We’ve learned a lot about the COVID vaccines in a short amount of time. We know, for example, that all three vaccines are highly efficacious and that they each have a stellar track record of protecting against hospitalization and death. And now, months into data collection, we have another crucial piece of information: how long the vaccine will last. According to White House COVID advisor Anthony Fauci, MD, you can expect to be protected by the current vaccines for at least six months.
If six months doesn’t sound like much, don’t panic: Fauci says there’s a very good chance the vaccines will last quite a bit longer than that. As he explained in a March 3 interview with Wired, researchers have collected six months’ worth of data and confirmed that the vaccines continue to offer robust protection for at least that length of time. The CDC and the vaccine makers themselves will continue to monitor antibody levels at regular intervals, until they find signs that the protection levels are waning.
“What you do is you follow people for a period of time, you measure the level of antibodies, and you observe if there’s breakthrough infections,” Fauci explained. “If it looks like after a year and a half, the antibody levels go down and people start to get breakthrough infections, then we know that after a year and a half, we probably have to give them a boost,” he said.
Currently, Fauci says we know that antibody levels should still be going strong after six months “and maybe much longer” following the second doses of Pfizer and Moderna’s vaccines. And while it may be discomfiting not to know exactly how long you’ll be protected, think of it this way: the longer you have to wait for an answer, the better the results.
Numbers may be declining, but Fauci explains that this is no time to rest on our laurels. “Let’s not declare victory yet, right? You don’t want the decline that we’re seeing to plateau at an unreasonably high level,” he told Wired.
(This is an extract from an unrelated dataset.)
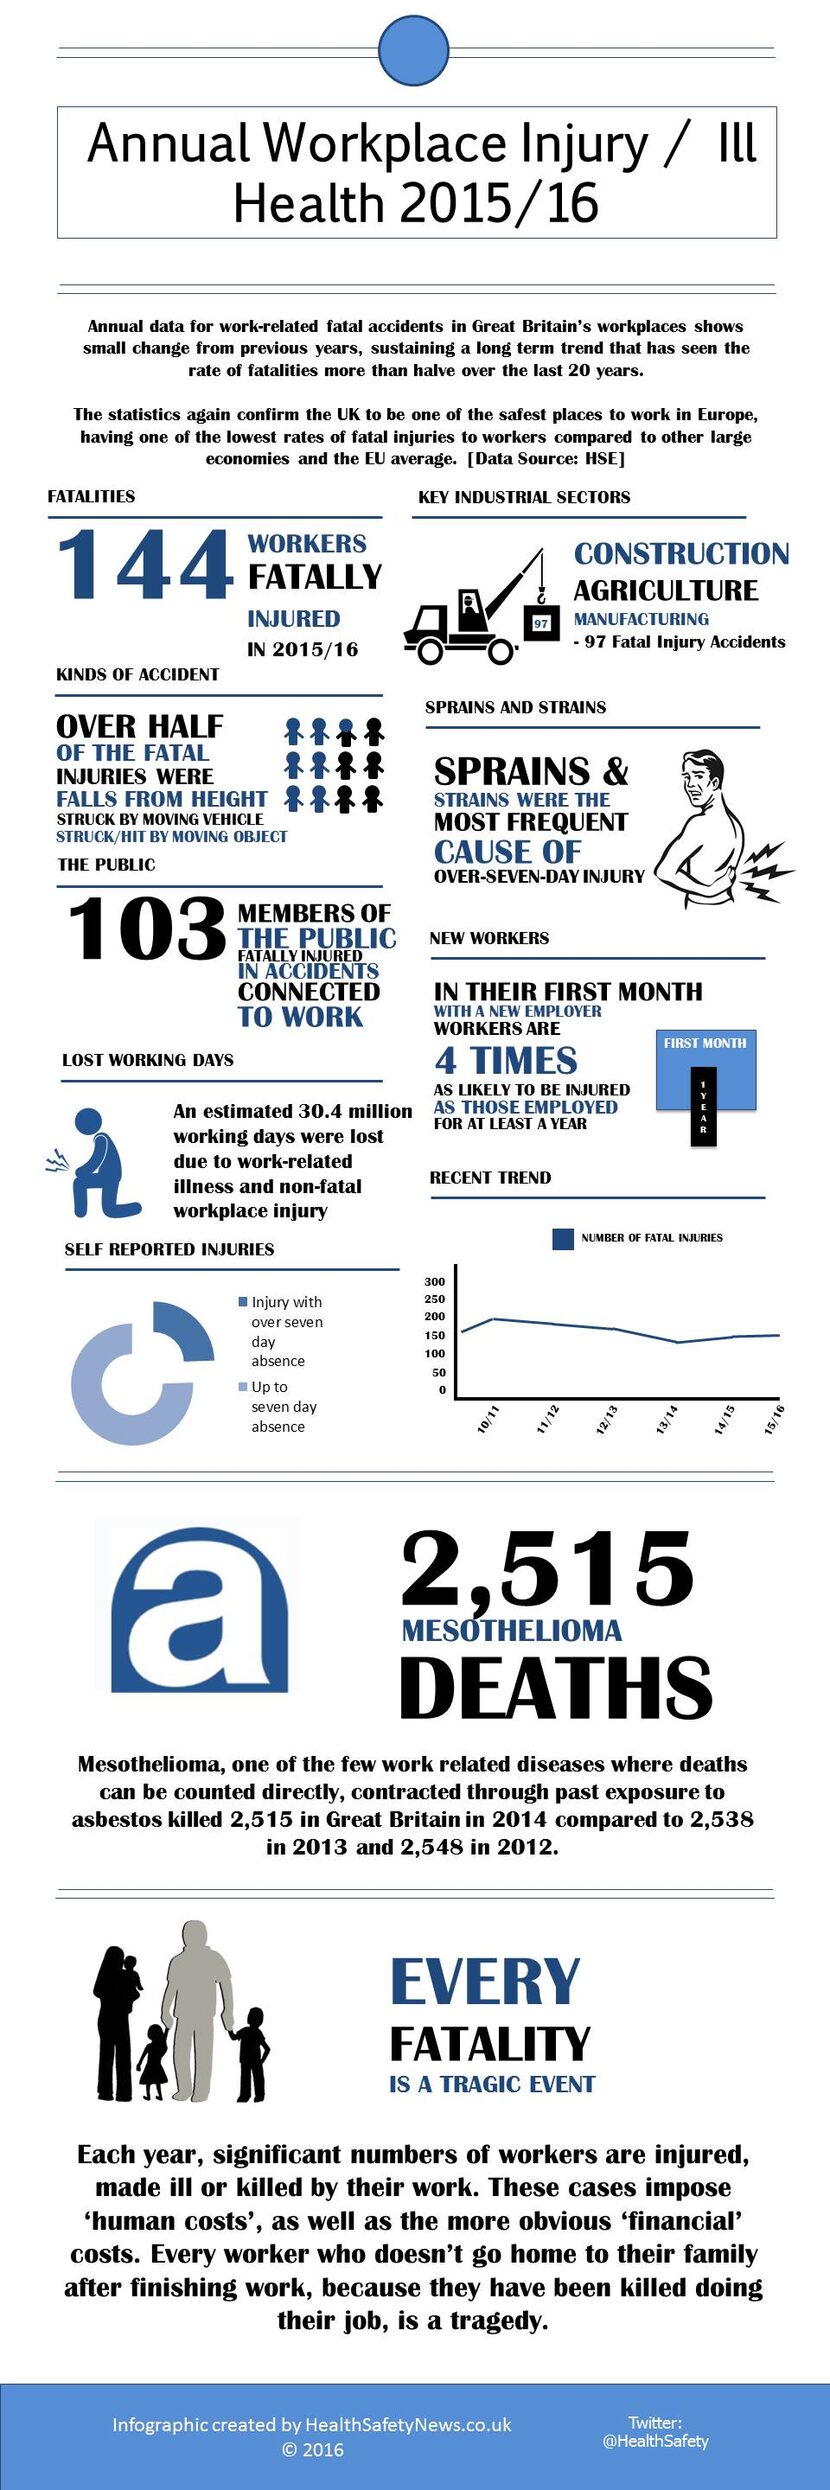 safety and health infographic showing workplace injury and ill-health statistics for 2015/16

Fauci argued that the key to tamping down new variants is to continue the aggressive practice of social safety measures that have thus far been working in our favor. “There is a tenet in biology that viruses do not mutate unless you give them the opportunity to replicate,” he said. “The easiest way to prevent the spread in the community is to vaccinate as many people as possible at the same time that you stick to the public health measures of wearing masks, of avoiding close contact, of avoiding congregate settings.”
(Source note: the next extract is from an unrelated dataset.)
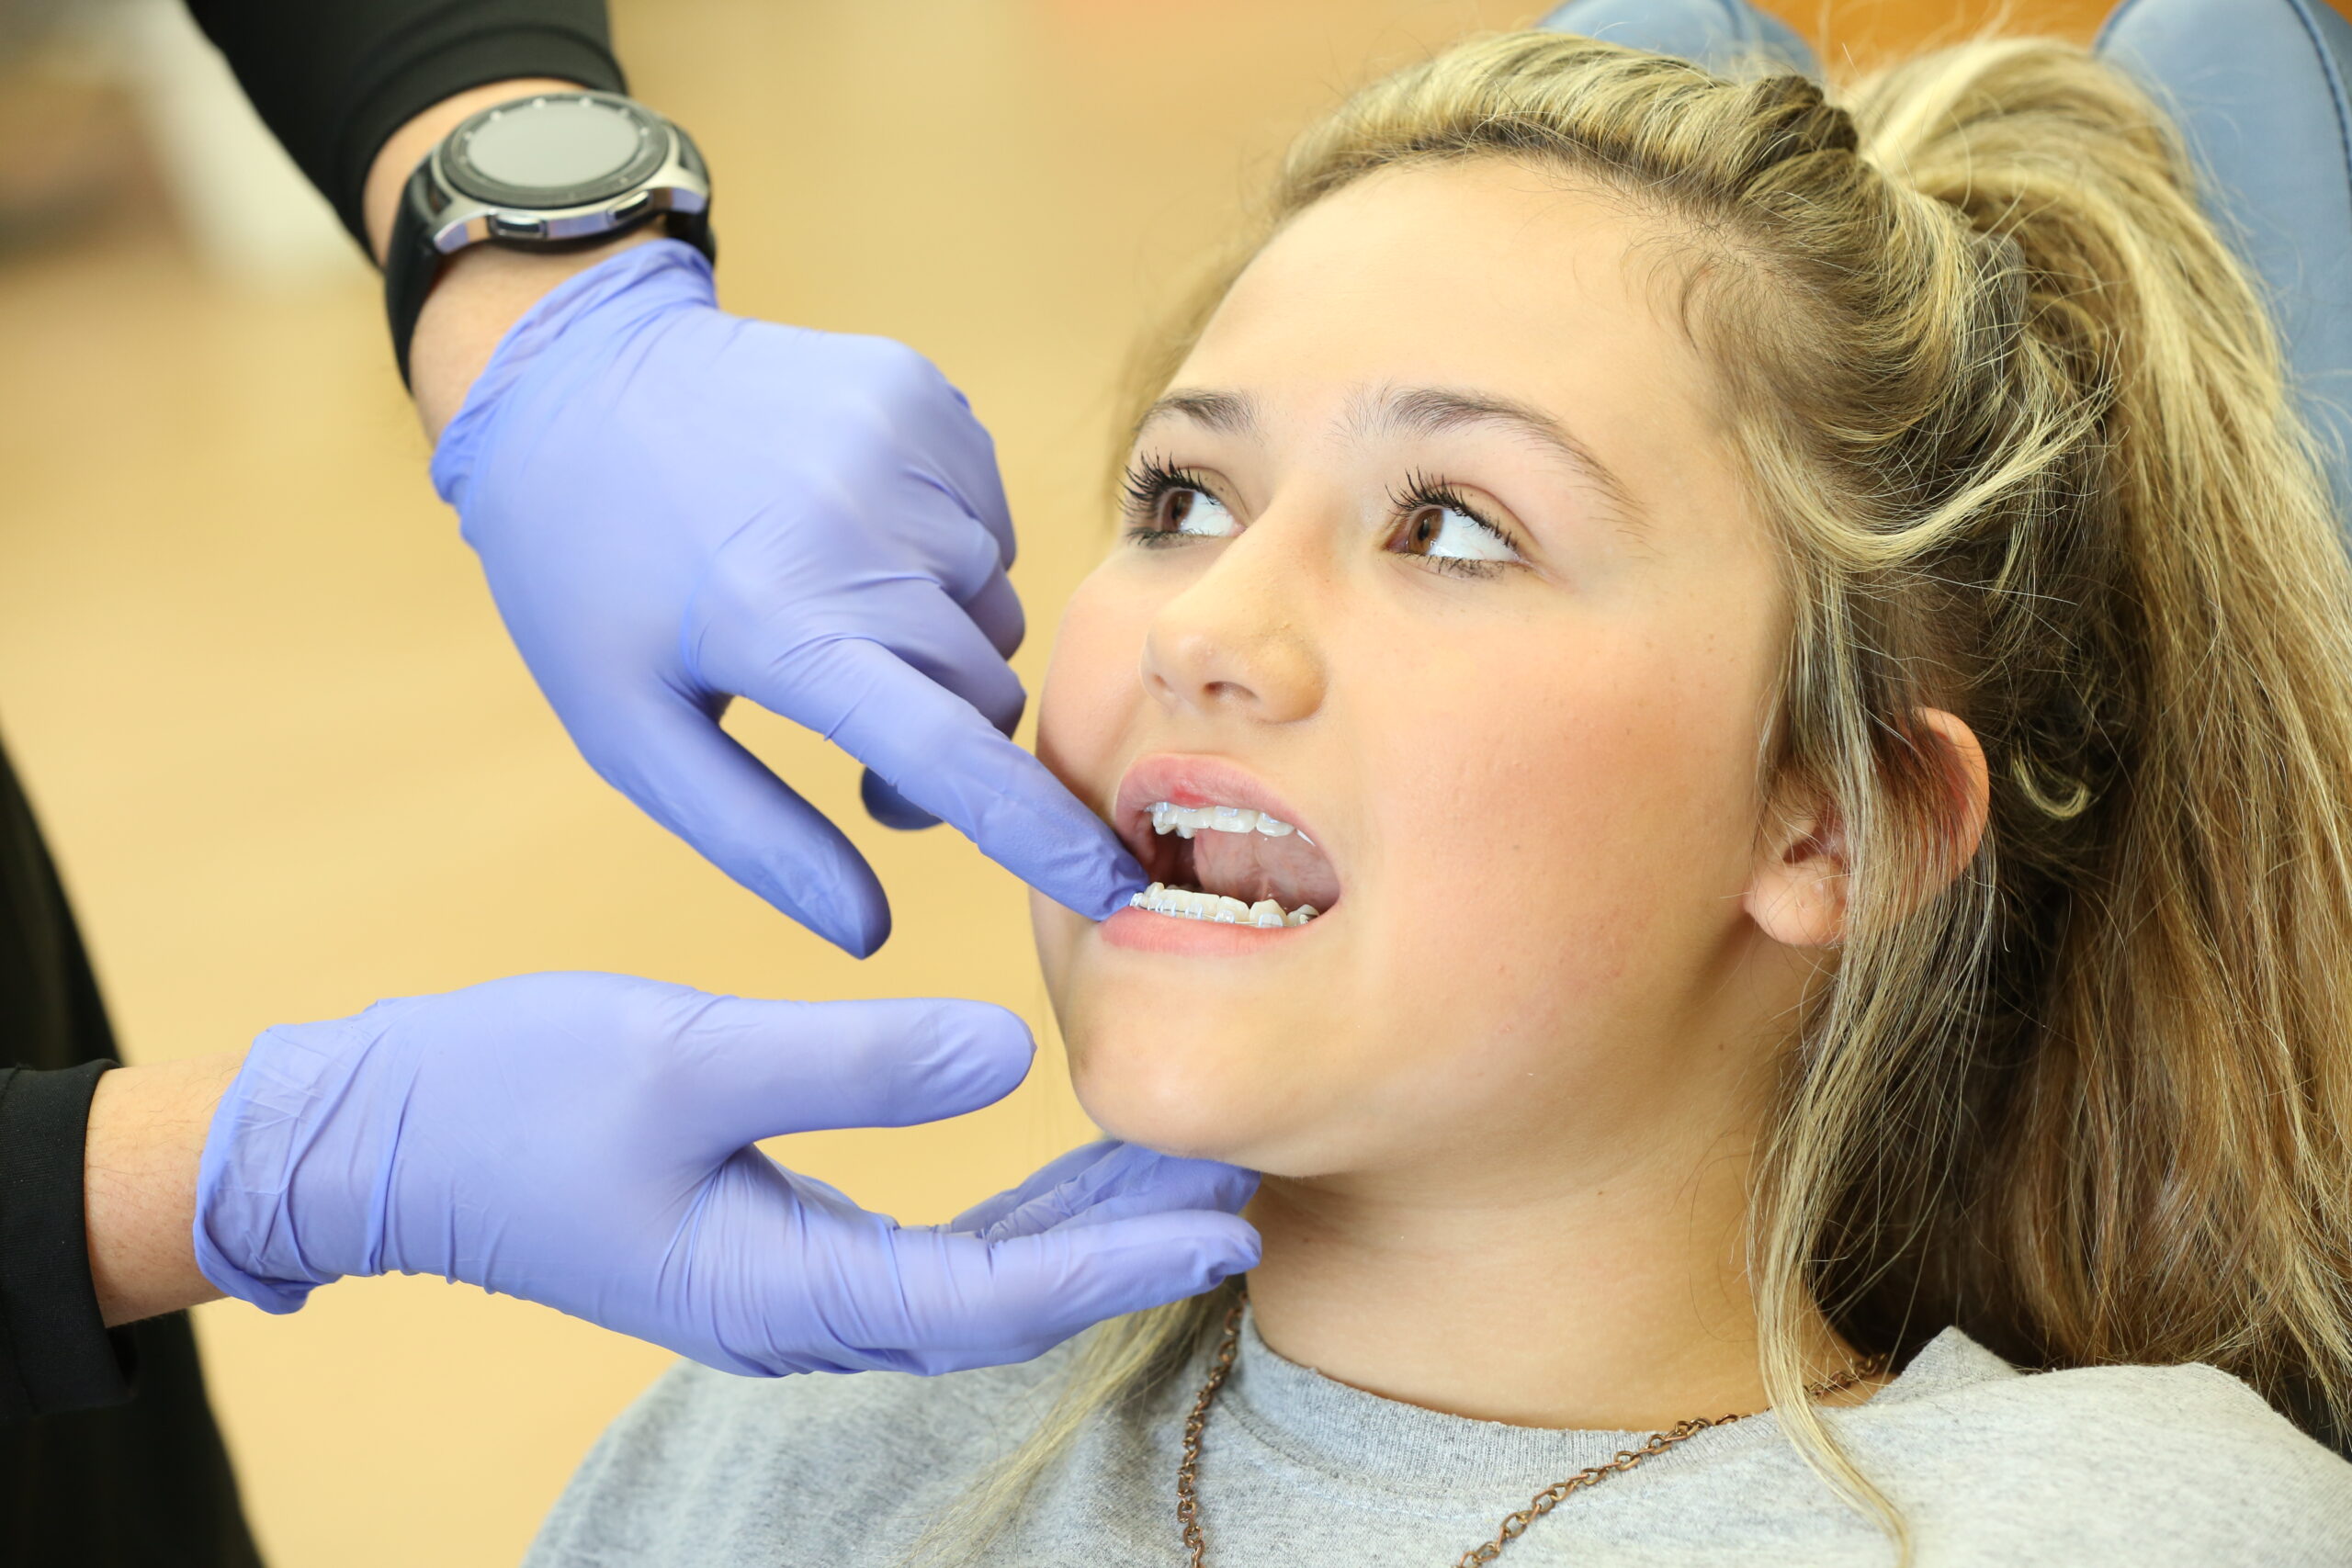 Tooth Extraction before Orthodontic Treatment

3. Vaccines Have Been Key to Ending Previous Disease Outbreaks
While this may be the first pandemic individuals under 100 have lived through, COVID is hardly the first public health crisis that will be solved with vaccines. “Throughout our history, we’ve been confronted with diseases that have threatened our health, life, and even our survival. Smallpox, measles, polio—every one of them has been conquered by vaccines,” Fauci said.
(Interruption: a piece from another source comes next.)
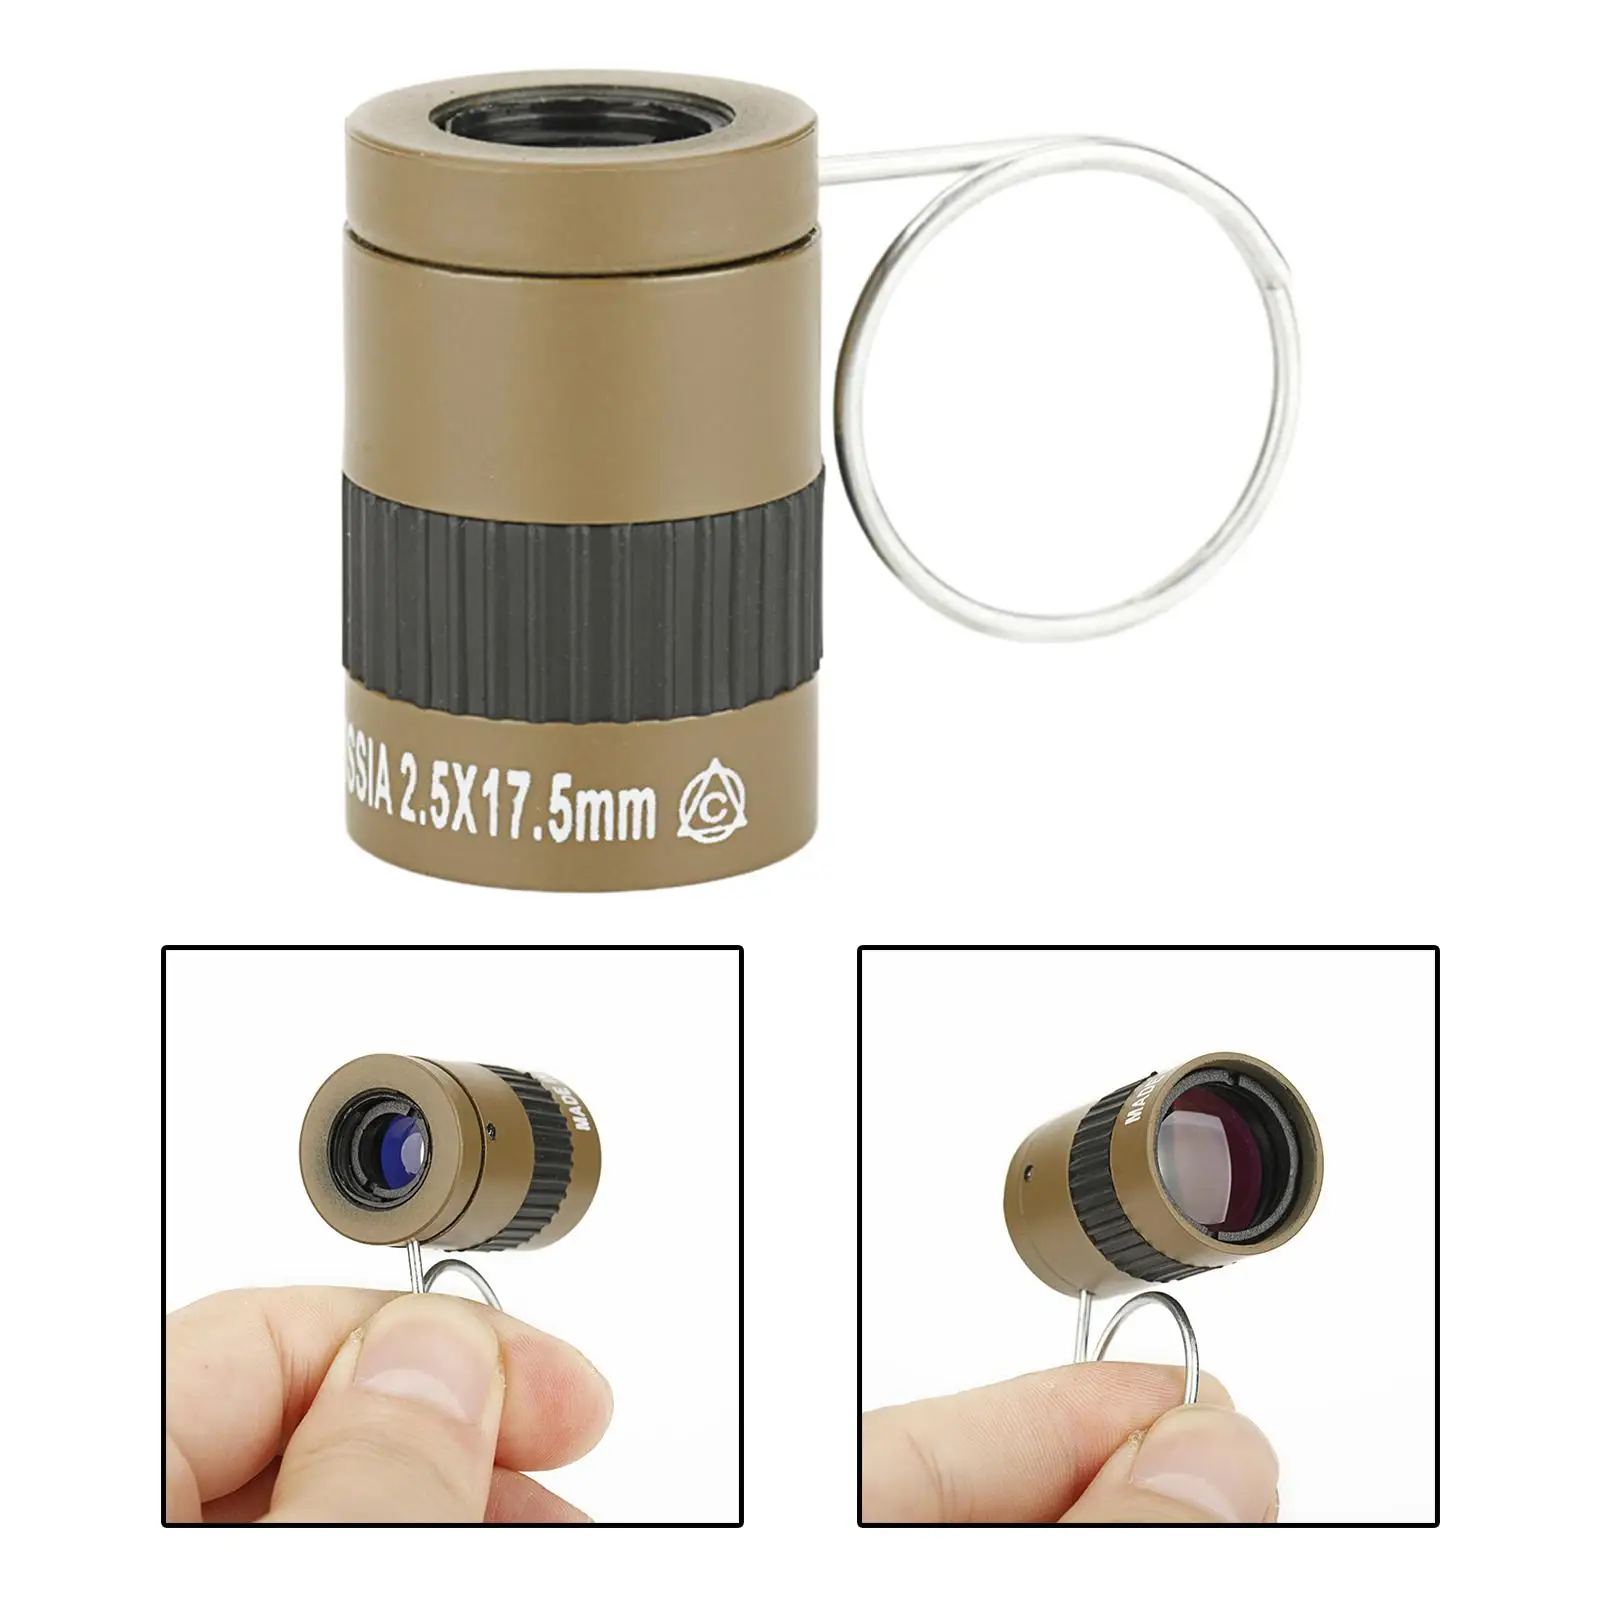 Mini Monocular Telescope 2.5x17.5mm Pocket Lens with Knuckle Finger Ring for Fishing Hunting Hiking Travel

“We are fortunate that already we have three highly efficacious vaccines that have a very good safety profile. Soon, we will have even more,” he added. Now, the task at hand is to get vaccines into arms “in a very organized, quick, and efficient manner,” Fauci says.
2. We Need to Stick to the Two-Dose Schedule
Asked whether or not it would be beneficial to vaccinate more Americans with their initial vaccine doses and administer their second doses at a later time, Fauci was steadfast in his belief that, with few exceptions, we need to stick to the original two-dose schedule at the recommended 21 or 28 days apart.
“We don’t know what the durability of a single dose is,” Fauci cautioned. “And it is conceivable if all you do is give the first dose to people and significantly delay the administration of the second dose, you could have a diminution of efficacy,” he warned. Fauci added that the second vaccine dose increases the level of antibodies “by at least tenfold,” which could explain the low levels of hospitalization and deaths in vaccinated individuals—even those who have been exposed to more dangerous variants.
1. It’s Time to Depoliticize Public Health
Finally, Fauci shared what he felt he’s “learned about the American people” during the first year of the pandemic—and while it may be accurate, it’s not particularly flattering. “I think we are living currently in a very, very divisive society. Almost split right down the middle…It’s divisiveness to the extreme, where even public health measures take on a political overtone, where wearing a mask or not wearing a mask is a reflection of what your political leanings are. That should not be,” he said.
“Public health should be independent of political differences. But we didn’t see that with the COVID-19 outbreak. We’re all in this together, and we’ve all got to be pulling together. But apparently that doesn’t always happen,” Fauci said.